### PROBLEM
All lines from the one with "cut within eye." through the close of the records below are to be set down exactly, and no others.

━━━━

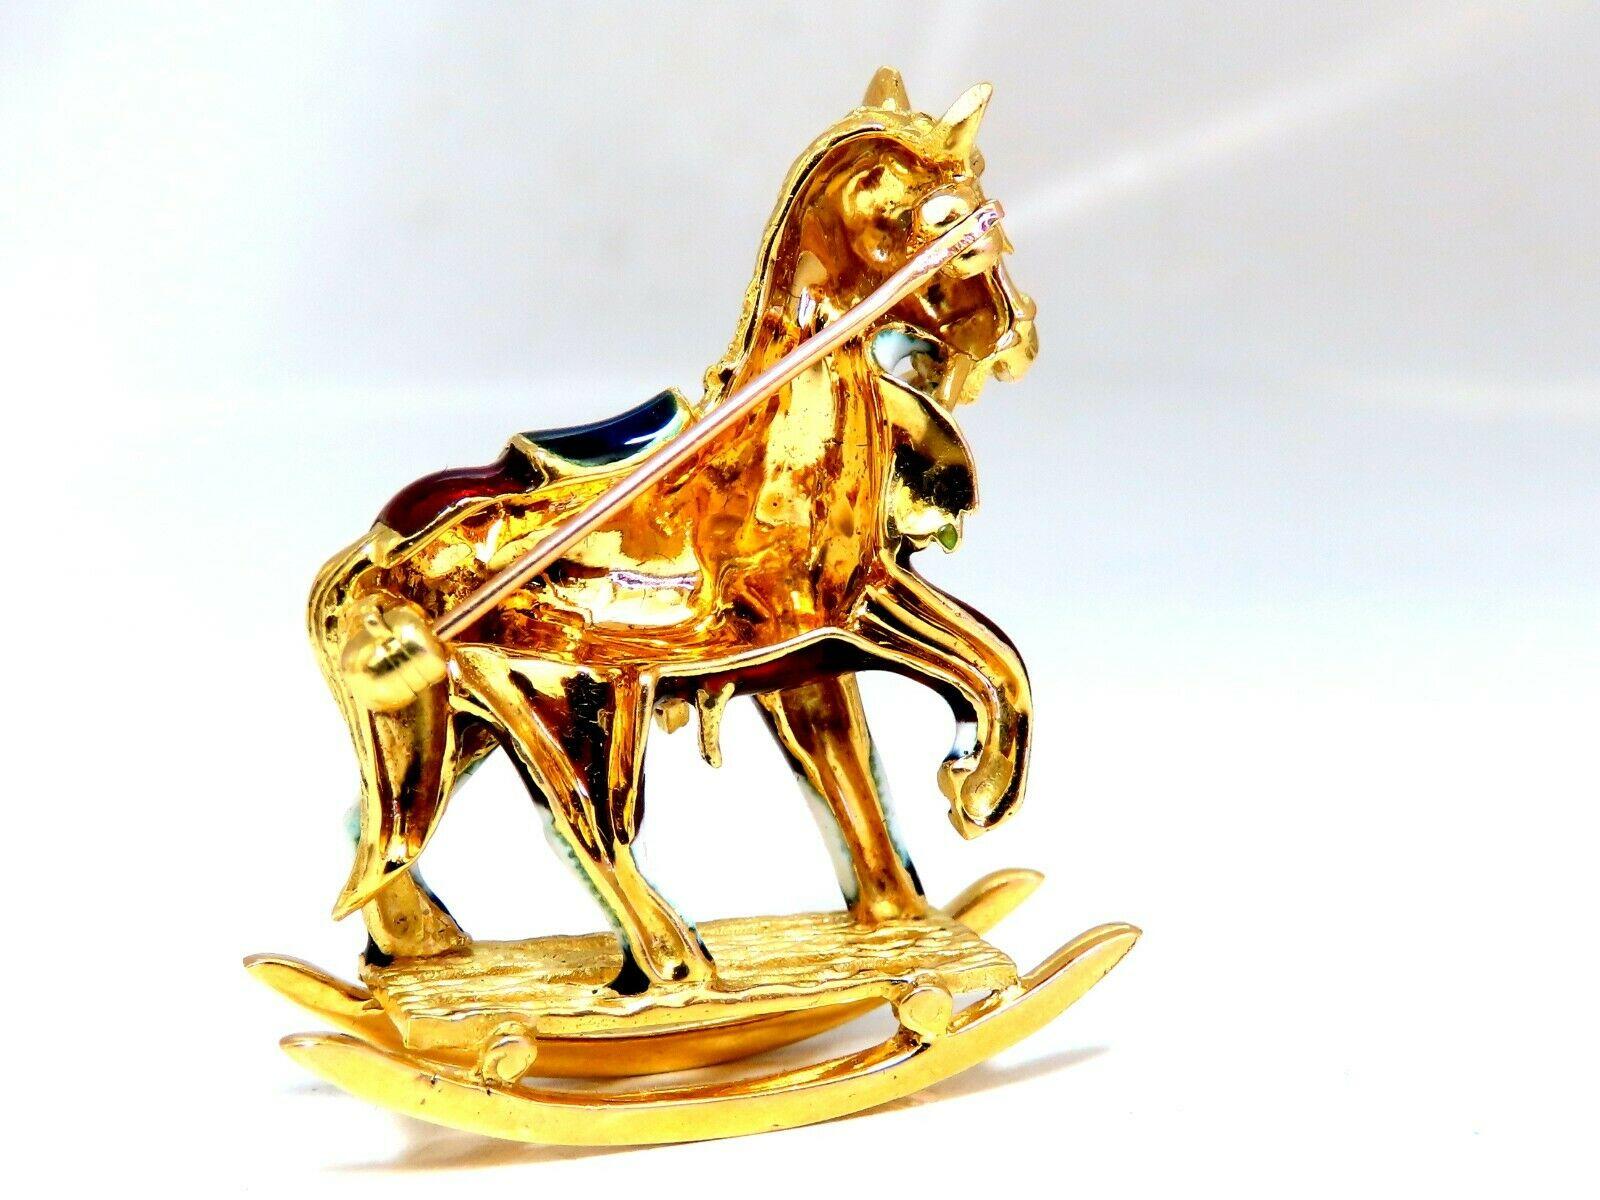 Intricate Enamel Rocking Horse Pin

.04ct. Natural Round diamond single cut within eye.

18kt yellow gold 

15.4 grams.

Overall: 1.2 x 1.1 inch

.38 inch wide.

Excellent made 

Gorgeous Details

━━━━

### REPLY
.04ct. Natural Round diamond single cut within eye.

18kt yellow gold 

15.4 grams.

Overall: 1.2 x 1.1 inch

.38 inch wide.

Excellent made 

Gorgeous Details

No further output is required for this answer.